Голос Иллофиллиона был тих и мягок. Но мне чудилось, что Андрееву он бил тяжелее, чем давило меня воздействие её руки минуту назад. Мне стало так жалко её, что я ухватился за руку Иллофиллиона и сказал ей:

– Мне теперь уже совсем хорошо, Наталия Владимировна. Виновата вовсе не ваша рука, а дервишская шапка, которую Али однажды напялил мне на голову. Я тогда заболел и с тех пор не могу ещё окончательно поправиться. Простите меня, пожалуйста, за причинённое вам беспокойство. Я буду рад поумнеть от вашей дыни.

– Дитя моё, прости, дружочек, – тихо и ласково сказала Андреева, и я снова чуть не впал в «ловиворонство». Я и представить себе не мог, чтобы властный, резковатый, с повелительными интонациями голос этой женщины мог быть таким ласковым, мелодичным и непередаваемо добрым.

Всё же довольно долго я не мог ещё встать на ноги, и добраться до дому с помощью Иллофиллиона было задачей нелёгкой.

Ясса продержал меня в ванне довольно долго, растёр и уложил в постель. Я выпил капель, данных Иллофиллионом, и был огорчён, что первый день моей жизни в Общине закончился для меня довольно печально.

Глава 2. Второй день в Общине. Мы навещаем карлика. Подарки араба. Франциск

Заснув с вечера с большим трудом, я проспал всю ночь так крепко, что ни разу не просыпался вплоть до утра, когда Ясса разбудил меня, сказав, что Иллофиллион уже поджидает меня, чтобы идти купаться.

Едва открыв глаза и сразу же впившись взглядом в чудесный пейзаж за окном, я с трудом сообразил, где нахожусь. Из-за нашего длительного путешествия, превратившегося для меня в привычный образ жизни, я привык считать, что каждый день – это только своего рода поход. А в эту минуту я сразу осознал, что приехал сюда надолго, что я наконец дома. Быстро надевая свой более чем несложный наряд, я ясно отдавал себе отчёт, что не могу и не должен терять ни минуты попусту, в бездействии. Между тем за весь вчерашний день я ничего не приобрёл, если не считать весьма скромных познаний из области ботаники, и ровно ничего не выполнил из своих обетов по изучению восточных языков.

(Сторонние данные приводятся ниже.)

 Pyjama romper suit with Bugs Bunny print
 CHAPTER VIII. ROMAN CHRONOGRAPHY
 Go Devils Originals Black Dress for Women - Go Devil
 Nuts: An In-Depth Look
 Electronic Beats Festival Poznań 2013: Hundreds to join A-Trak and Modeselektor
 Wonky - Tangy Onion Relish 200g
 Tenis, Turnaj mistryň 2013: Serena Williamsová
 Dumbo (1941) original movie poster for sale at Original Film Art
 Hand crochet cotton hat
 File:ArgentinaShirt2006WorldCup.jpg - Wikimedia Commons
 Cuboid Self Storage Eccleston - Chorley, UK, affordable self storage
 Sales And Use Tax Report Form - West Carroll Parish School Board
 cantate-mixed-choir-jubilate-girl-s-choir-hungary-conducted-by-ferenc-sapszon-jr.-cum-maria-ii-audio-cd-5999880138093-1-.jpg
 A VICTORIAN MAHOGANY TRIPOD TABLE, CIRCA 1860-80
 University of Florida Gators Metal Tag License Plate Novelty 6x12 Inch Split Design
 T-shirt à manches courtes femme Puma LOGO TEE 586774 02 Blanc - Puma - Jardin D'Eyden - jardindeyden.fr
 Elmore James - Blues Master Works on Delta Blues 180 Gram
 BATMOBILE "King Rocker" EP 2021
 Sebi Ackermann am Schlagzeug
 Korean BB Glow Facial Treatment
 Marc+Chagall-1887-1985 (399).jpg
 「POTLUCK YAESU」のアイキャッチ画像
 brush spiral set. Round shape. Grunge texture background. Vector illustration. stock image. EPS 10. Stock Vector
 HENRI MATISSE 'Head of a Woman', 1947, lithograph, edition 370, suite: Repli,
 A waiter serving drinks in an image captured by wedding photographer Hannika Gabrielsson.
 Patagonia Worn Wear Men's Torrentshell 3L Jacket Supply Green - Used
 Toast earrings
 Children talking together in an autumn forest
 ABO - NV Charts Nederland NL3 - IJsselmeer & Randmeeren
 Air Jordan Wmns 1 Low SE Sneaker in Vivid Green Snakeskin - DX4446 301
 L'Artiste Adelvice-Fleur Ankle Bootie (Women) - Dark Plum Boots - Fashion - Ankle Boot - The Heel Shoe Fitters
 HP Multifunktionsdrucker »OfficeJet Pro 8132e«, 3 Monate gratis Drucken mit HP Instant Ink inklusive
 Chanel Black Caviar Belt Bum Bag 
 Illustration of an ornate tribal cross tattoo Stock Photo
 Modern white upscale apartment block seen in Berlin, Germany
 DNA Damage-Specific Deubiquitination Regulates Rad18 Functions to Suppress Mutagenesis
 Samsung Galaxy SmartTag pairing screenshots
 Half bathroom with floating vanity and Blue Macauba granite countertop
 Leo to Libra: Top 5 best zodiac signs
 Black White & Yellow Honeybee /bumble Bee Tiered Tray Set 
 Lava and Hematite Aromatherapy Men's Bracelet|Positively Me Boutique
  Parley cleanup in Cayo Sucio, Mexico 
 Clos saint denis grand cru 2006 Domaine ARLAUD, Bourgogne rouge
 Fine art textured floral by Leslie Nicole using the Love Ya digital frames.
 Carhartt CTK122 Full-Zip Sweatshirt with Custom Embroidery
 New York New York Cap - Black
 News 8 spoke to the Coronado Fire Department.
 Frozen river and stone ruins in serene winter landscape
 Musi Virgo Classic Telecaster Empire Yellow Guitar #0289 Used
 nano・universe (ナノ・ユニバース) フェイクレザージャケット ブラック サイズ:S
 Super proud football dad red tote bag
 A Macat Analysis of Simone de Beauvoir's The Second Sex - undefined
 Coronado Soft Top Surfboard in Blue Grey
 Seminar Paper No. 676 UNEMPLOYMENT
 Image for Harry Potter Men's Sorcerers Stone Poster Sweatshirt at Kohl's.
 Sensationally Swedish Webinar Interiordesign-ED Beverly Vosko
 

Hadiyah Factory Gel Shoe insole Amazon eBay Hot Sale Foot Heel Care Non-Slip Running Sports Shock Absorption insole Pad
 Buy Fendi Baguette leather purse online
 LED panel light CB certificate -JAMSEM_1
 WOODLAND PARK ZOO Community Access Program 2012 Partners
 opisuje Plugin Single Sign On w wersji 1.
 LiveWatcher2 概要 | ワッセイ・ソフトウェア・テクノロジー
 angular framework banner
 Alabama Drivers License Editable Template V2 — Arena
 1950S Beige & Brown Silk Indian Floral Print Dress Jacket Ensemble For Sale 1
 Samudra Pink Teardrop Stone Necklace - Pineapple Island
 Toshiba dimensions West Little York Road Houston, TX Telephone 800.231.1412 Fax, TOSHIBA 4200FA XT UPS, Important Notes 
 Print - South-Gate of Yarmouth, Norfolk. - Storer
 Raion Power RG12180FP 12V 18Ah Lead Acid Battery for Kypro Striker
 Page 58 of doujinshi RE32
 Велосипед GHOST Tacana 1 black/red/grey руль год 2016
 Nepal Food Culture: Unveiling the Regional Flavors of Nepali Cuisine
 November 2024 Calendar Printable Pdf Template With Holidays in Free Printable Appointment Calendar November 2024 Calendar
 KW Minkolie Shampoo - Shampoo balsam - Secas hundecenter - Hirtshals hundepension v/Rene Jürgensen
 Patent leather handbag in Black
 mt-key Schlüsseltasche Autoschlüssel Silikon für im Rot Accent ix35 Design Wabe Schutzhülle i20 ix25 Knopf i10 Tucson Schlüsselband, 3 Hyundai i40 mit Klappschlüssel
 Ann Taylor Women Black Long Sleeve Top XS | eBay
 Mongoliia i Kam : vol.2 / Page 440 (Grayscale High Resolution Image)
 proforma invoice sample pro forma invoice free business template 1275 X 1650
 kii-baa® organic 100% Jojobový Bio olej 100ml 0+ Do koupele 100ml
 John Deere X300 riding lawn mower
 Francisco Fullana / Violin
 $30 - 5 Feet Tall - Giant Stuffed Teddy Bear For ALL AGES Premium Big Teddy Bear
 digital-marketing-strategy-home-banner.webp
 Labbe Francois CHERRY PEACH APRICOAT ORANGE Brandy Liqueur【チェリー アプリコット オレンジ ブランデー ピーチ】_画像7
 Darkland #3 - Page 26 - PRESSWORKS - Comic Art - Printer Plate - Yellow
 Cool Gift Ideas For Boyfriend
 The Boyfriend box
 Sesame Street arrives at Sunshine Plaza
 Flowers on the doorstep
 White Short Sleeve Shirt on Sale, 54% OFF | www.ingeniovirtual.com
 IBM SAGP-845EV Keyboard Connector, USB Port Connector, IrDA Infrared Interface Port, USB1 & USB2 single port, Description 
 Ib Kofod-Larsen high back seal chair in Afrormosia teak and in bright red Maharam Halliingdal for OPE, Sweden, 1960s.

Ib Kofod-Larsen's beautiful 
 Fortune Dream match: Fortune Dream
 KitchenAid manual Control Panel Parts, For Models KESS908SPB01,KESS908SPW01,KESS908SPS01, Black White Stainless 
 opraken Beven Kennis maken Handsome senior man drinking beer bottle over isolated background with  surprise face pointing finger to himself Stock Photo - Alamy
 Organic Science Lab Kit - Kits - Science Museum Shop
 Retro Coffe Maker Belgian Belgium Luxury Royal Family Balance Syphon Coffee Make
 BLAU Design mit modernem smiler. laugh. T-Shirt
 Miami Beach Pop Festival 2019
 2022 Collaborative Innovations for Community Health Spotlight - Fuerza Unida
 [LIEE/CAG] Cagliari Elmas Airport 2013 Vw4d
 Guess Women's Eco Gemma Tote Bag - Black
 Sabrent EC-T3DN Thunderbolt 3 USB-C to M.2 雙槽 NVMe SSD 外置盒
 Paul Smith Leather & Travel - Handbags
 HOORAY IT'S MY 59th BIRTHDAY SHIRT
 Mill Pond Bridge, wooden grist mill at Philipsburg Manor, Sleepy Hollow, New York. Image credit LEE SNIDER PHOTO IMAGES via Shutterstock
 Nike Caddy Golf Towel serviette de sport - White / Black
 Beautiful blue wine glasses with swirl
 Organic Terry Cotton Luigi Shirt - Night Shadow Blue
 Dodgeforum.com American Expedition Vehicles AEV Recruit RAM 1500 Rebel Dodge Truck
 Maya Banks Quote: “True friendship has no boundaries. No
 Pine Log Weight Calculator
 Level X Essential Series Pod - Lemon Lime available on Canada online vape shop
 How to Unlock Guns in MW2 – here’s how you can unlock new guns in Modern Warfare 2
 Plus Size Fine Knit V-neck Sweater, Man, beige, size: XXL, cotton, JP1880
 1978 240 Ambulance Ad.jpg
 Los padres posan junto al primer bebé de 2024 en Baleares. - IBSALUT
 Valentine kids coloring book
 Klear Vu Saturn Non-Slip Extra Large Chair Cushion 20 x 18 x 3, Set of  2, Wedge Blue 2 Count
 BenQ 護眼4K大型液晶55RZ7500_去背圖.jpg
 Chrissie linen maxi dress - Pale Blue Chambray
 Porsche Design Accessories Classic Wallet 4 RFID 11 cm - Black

Перед моим мысленным взором отчётливо стояло изречение, начертанное на стене в комнате Али. Стоило мне только сосредоточиться на нём, как всего меня наполняло чувство радости, что язык пали станет мне ключом к тем откровениям, которые были написаны на стенах комнаты Али. Желание поскорее начать учиться настолько овладело мною, что я ворвался бурей в комнату к Иллофиллиону, который что-то писал, сидя за столом, и выпалил сразу:

– Иллофиллион, дорогой, я уже весь вчерашний день потерял зря! Дайте мне, пожалуйста, скорее книги, чтобы я мог начать учить необходимые мне восточные языки. Прежде всего, конечно, пали, а потом и остальные. Брат Николай говорил мне, что у меня есть способности к языкам. Я тогда, правда, не болел так много, но, может быть, мои филологические способности не исчезли. Дайте мне только поскорее книги!

Иллофиллион спокойно положил перо на стол, посмотрел, улыбаясь, на мои волосы, которые я забыл причесать, на небрежно подвязанные сандалии и ответил:

– Твоё прилежание очень похвально, Лёвушка. Но кто же тебя освободил от самых элементарных обязанностей быта, в условностях которого ты живёшь сейчас на земле? Твоя голова растрёпана, ты наступаешь на тесёмки своих сандалий при ходьбе, и почему встречающиеся тебе люди должны страдать в своих эстетических чувствах, натыкаясь среди такой дивной красоты природы на неряшливо одетое, непричёсанное существо?